Written and clinically reviewed by Marissa Town, RN, BSN, CDCES
Reducing our impact on the environment is important, but having diabetes means we generate some medical waste. We celebrate increased access to diabetes technology, but the amount of plastic and packaging waste as a result also increases dramatically.
Creating medical devices that are safe for disposal, easy to use, and don’t generate a lot of waste can be challenging. As a person with diabetes, I think about this every time I dispose of my infusion sets, cartridges, and CGMs, which all have plastic that cannot be recycled without the complicated use of tools to remove the biohazard and sharps waste.
For example, the Dexcom G6 sensor product has approximately 80 grams of plastic,1 and to recycle the plastic, the insertion device must be fully taken apart with a screwdriver to get the needle out of the applicator.2 For some infusion sets, pliers must be used to remove the needle in order to recycle the plastic waste.

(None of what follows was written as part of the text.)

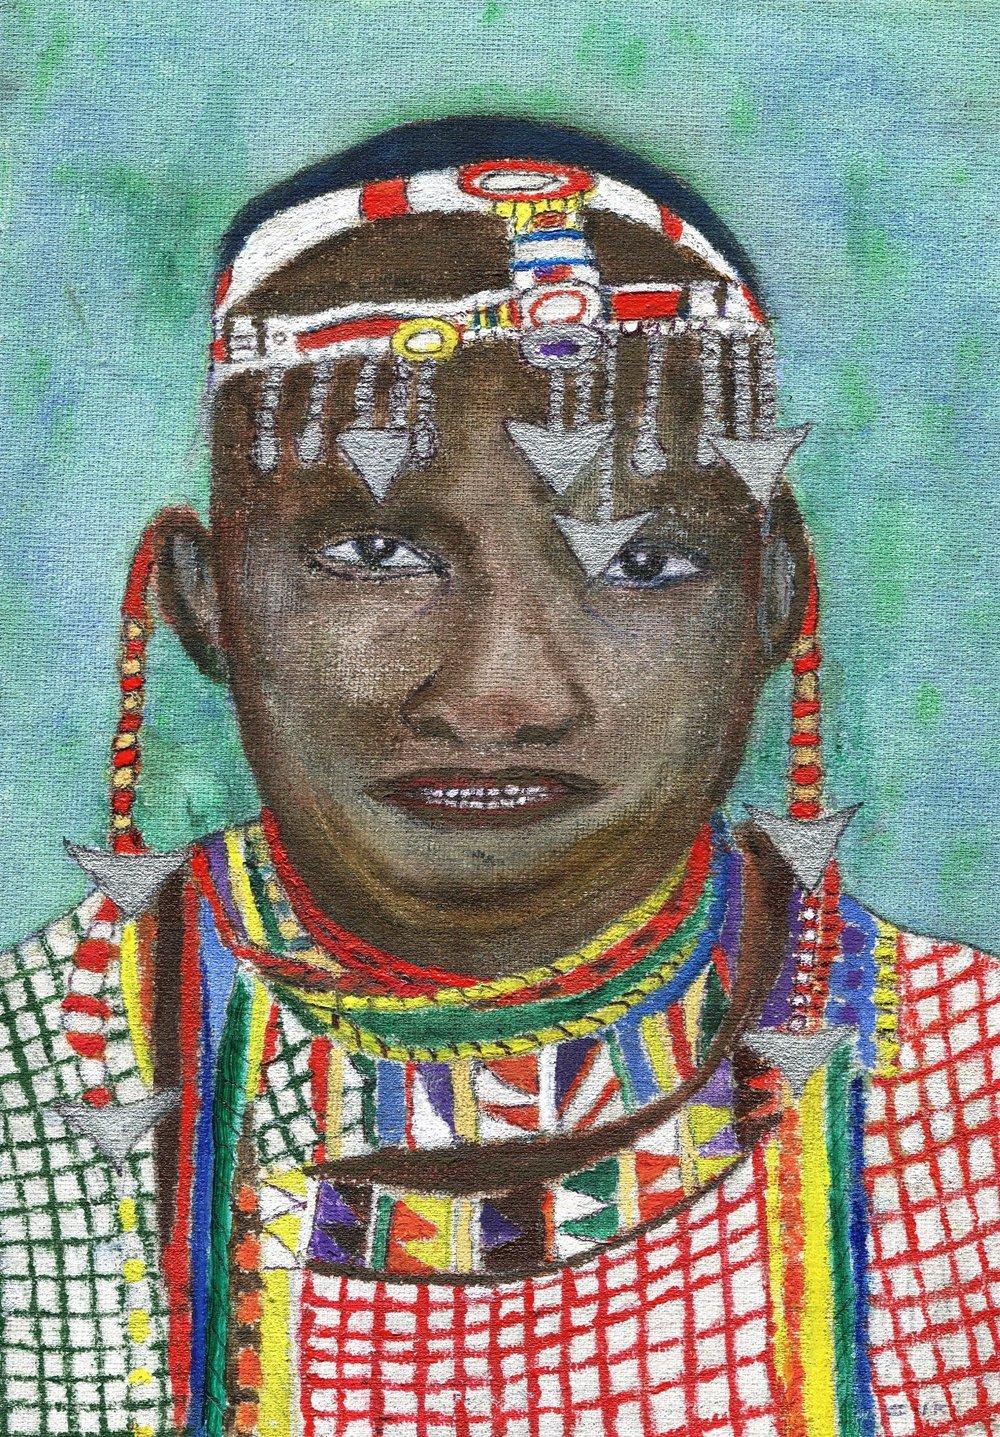 03b Chris Lake, Ndebele Wedding Groom, Acrylic on board

This means that many people are simply putting their plastic and biohazard waste into the trash or into sharps containers, and none of the devices can be recycled, which creates millions of pounds of plastic waste annually.1
According to this article about diabetes technology and waste, sometimes only 10% of the total product with packaging is the actual medical device, leaving 90% of waste.1 A lot of this waste is made from plastic that is not always recyclable, due to challenges of separating the medical waste or the use of low-quality plastics.1 Another complication is the combination of plastics with electronic components that are difficult to separate for recycling.1
In May of 2021, Europe instituted guidelines for reducing waste, and part of those guidelines specify Medical Device Regulation of waste.1 Some diabetes industry companies have already started working towards reducing their environmental impact, but there is still a lot of room for improvement.1 A looming question is will the other companies follow suit?
“There are many layers to the waste problem, including manufacturing, shipping, designing, and sales, which, in turn provides different approaches to tackling the problems.1 One example discussed in the article that resonated with me regarded the Instructions for Use booklets that come in every insulin box, infusion set boxes, cartridge boxes, etc. These are things that unless you are first learning to use the product or medication, it is unlikely you will ever open it to read it, and will get discarded hopefully in the recycling.1
Diabetes Researcher Dr. Lutz Heinemann, who co-authors the article cited, states that “Plastic waste is a topic that will get much more attention in the near future and we have to form a coalition that bring all relevant partner together to reduce this issue.” He and co-author Dr. David Klonoff suggest that the power of the consumer can help lead diabetes companies to make greener choices by putting pressure on politicians, companies, and governments to help reduce the waste in diabetes.1
A coalition of PWD, organizations working to help PWD, health care professionals working in diabetes, and diabetes industry partners can do so much together. Improving our health care, improving our outcomes, and reducing our impact on the environment would be a terrific triad!